■ **Aim of the exercise**: Set down without change every line from the line that contains "Beach Throw Pillow" through the end of the listing, and only those lines. No pictures.

■ **Source data**:
=== Section Start ===

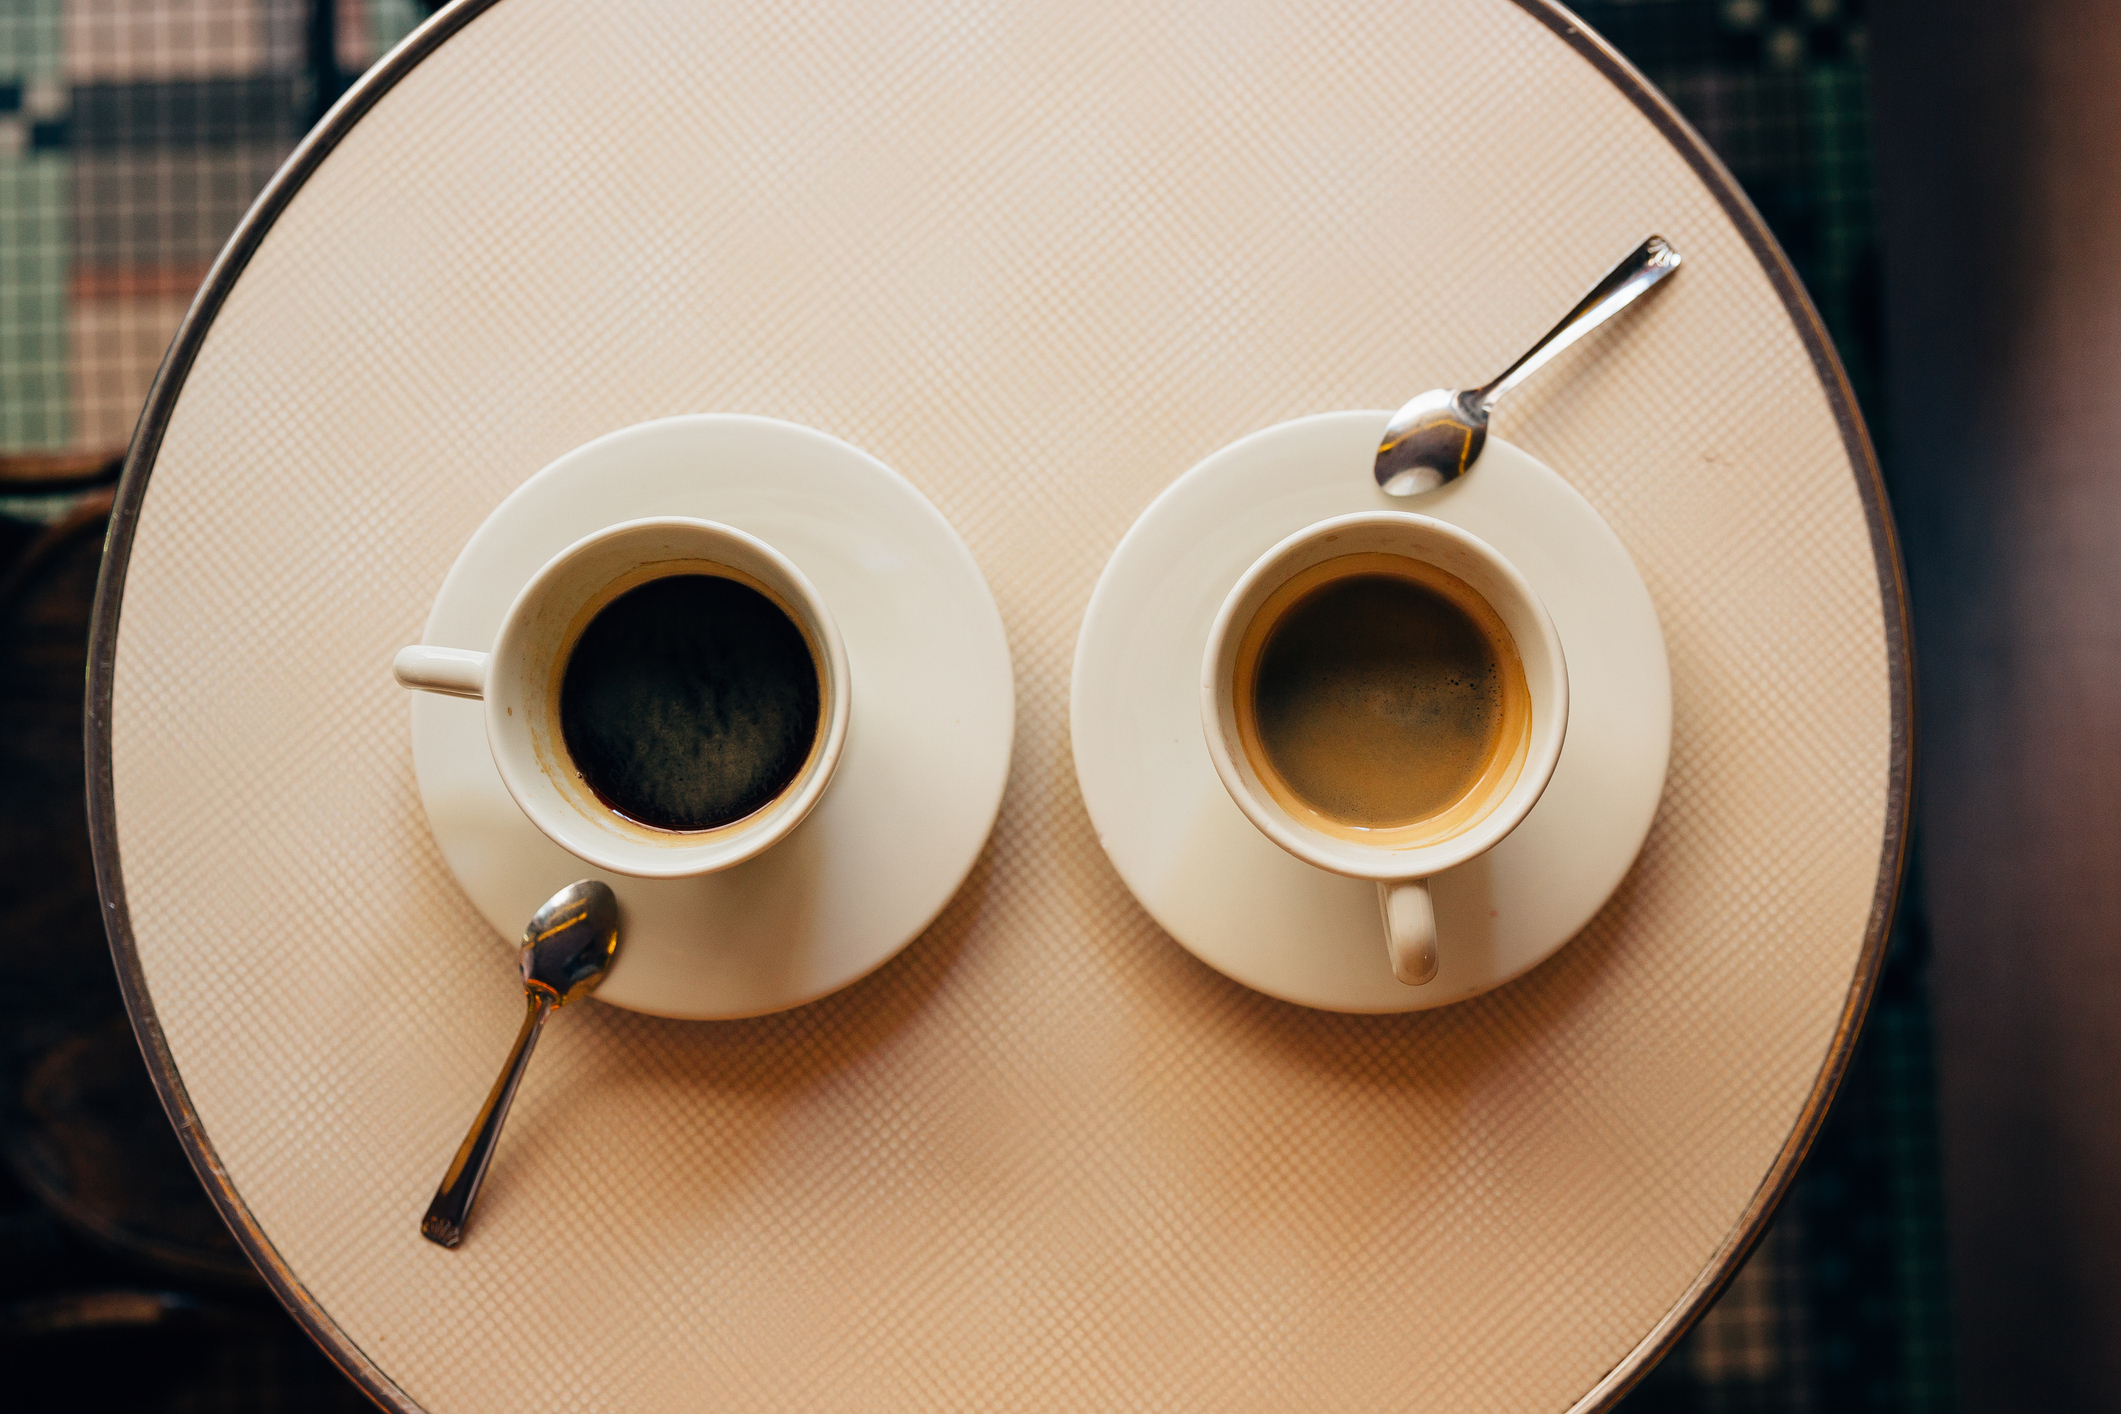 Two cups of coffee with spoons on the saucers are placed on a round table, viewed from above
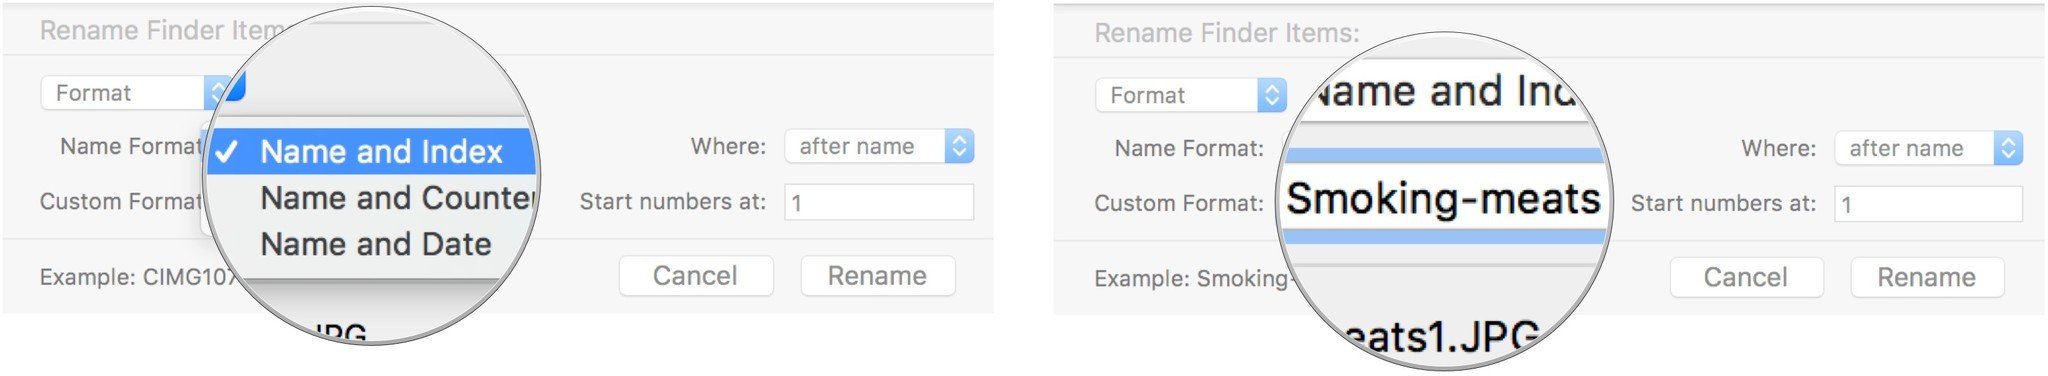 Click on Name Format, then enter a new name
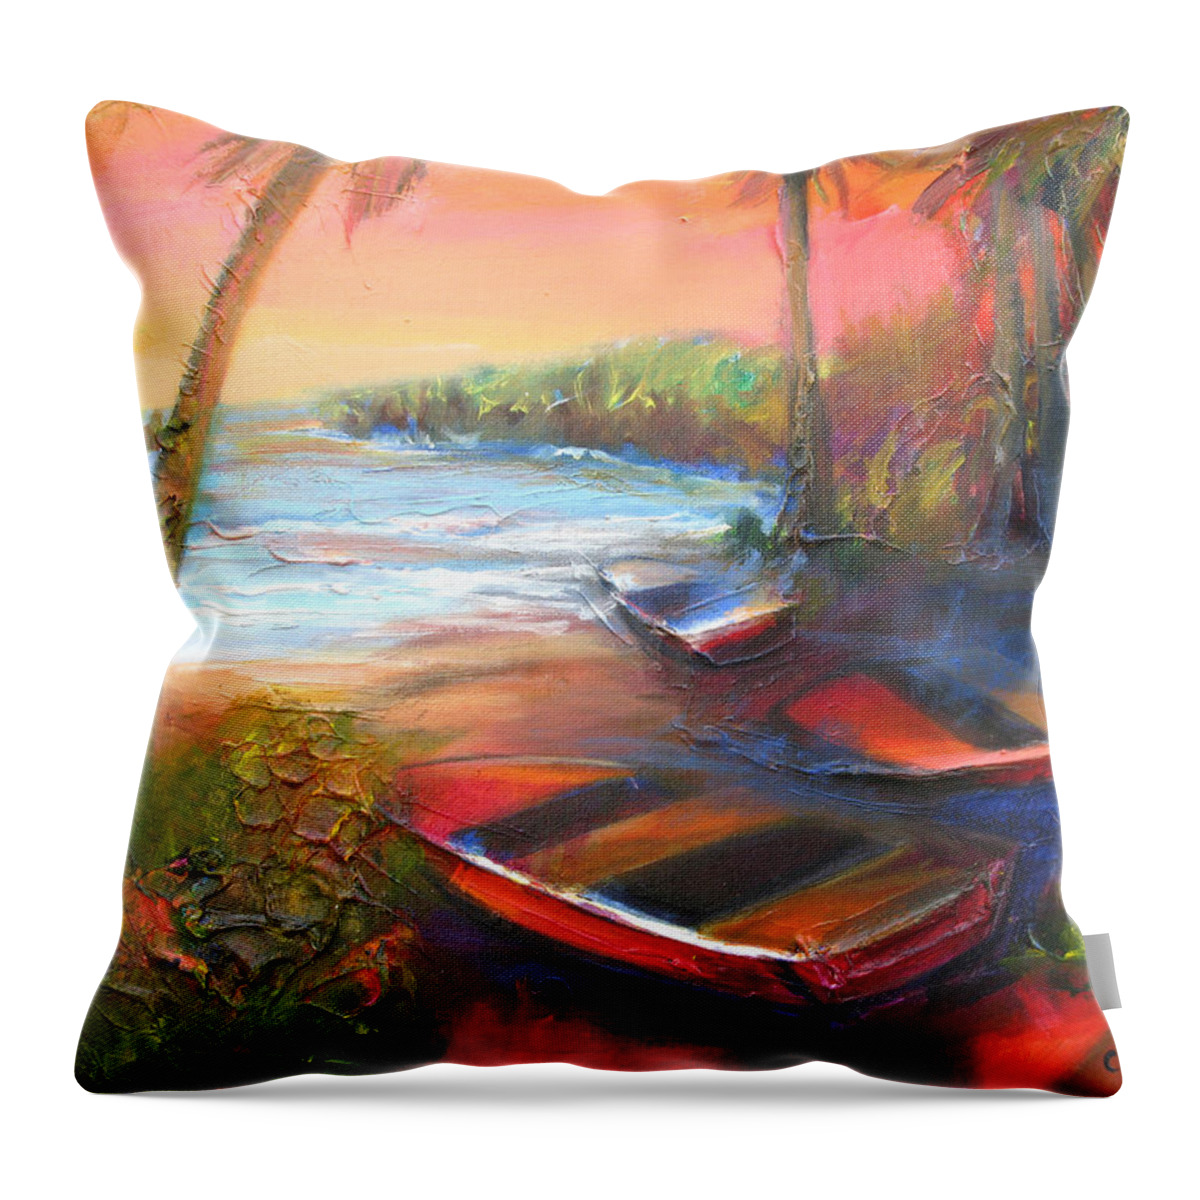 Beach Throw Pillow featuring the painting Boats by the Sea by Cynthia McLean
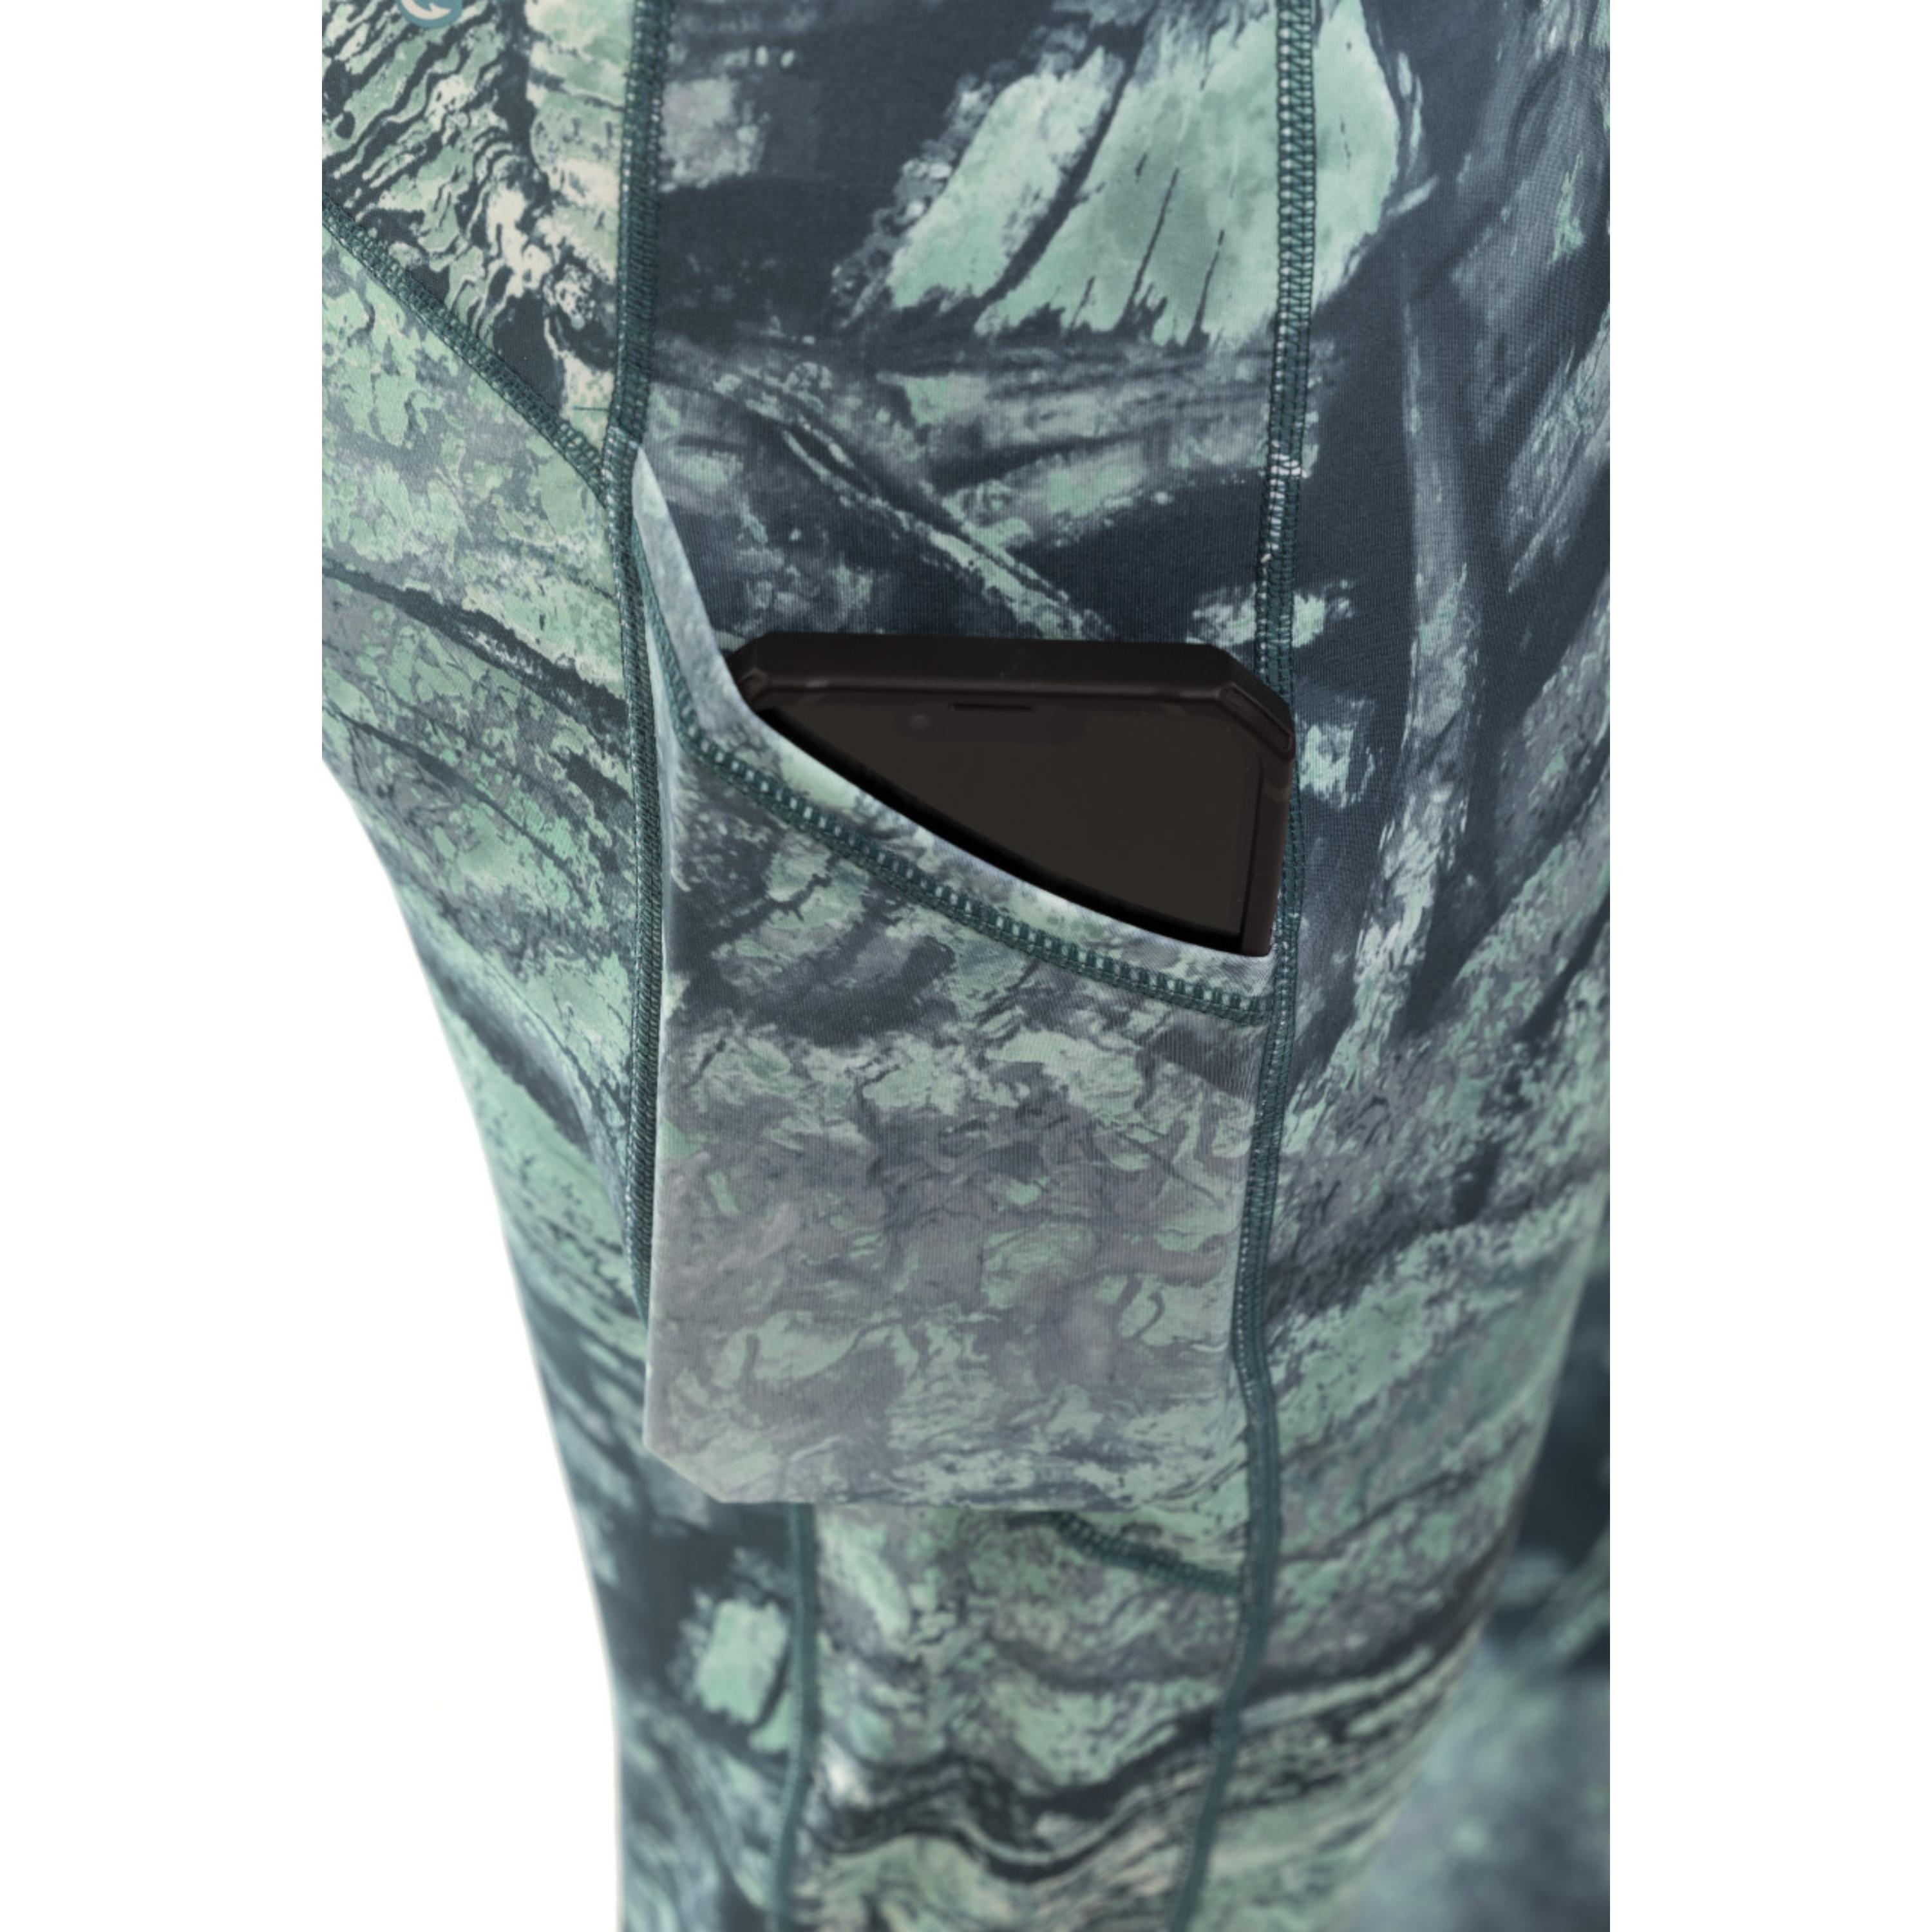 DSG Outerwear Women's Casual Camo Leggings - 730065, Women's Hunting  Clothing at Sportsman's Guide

=== Section End ===

■ **Result**:
 Beach Throw Pillow featuring the painting Boats by the Sea by Cynthia McLean
 DSG Outerwear Women's Casual Camo Leggings - 730065, Women's Hunting  Clothing at Sportsman's Guide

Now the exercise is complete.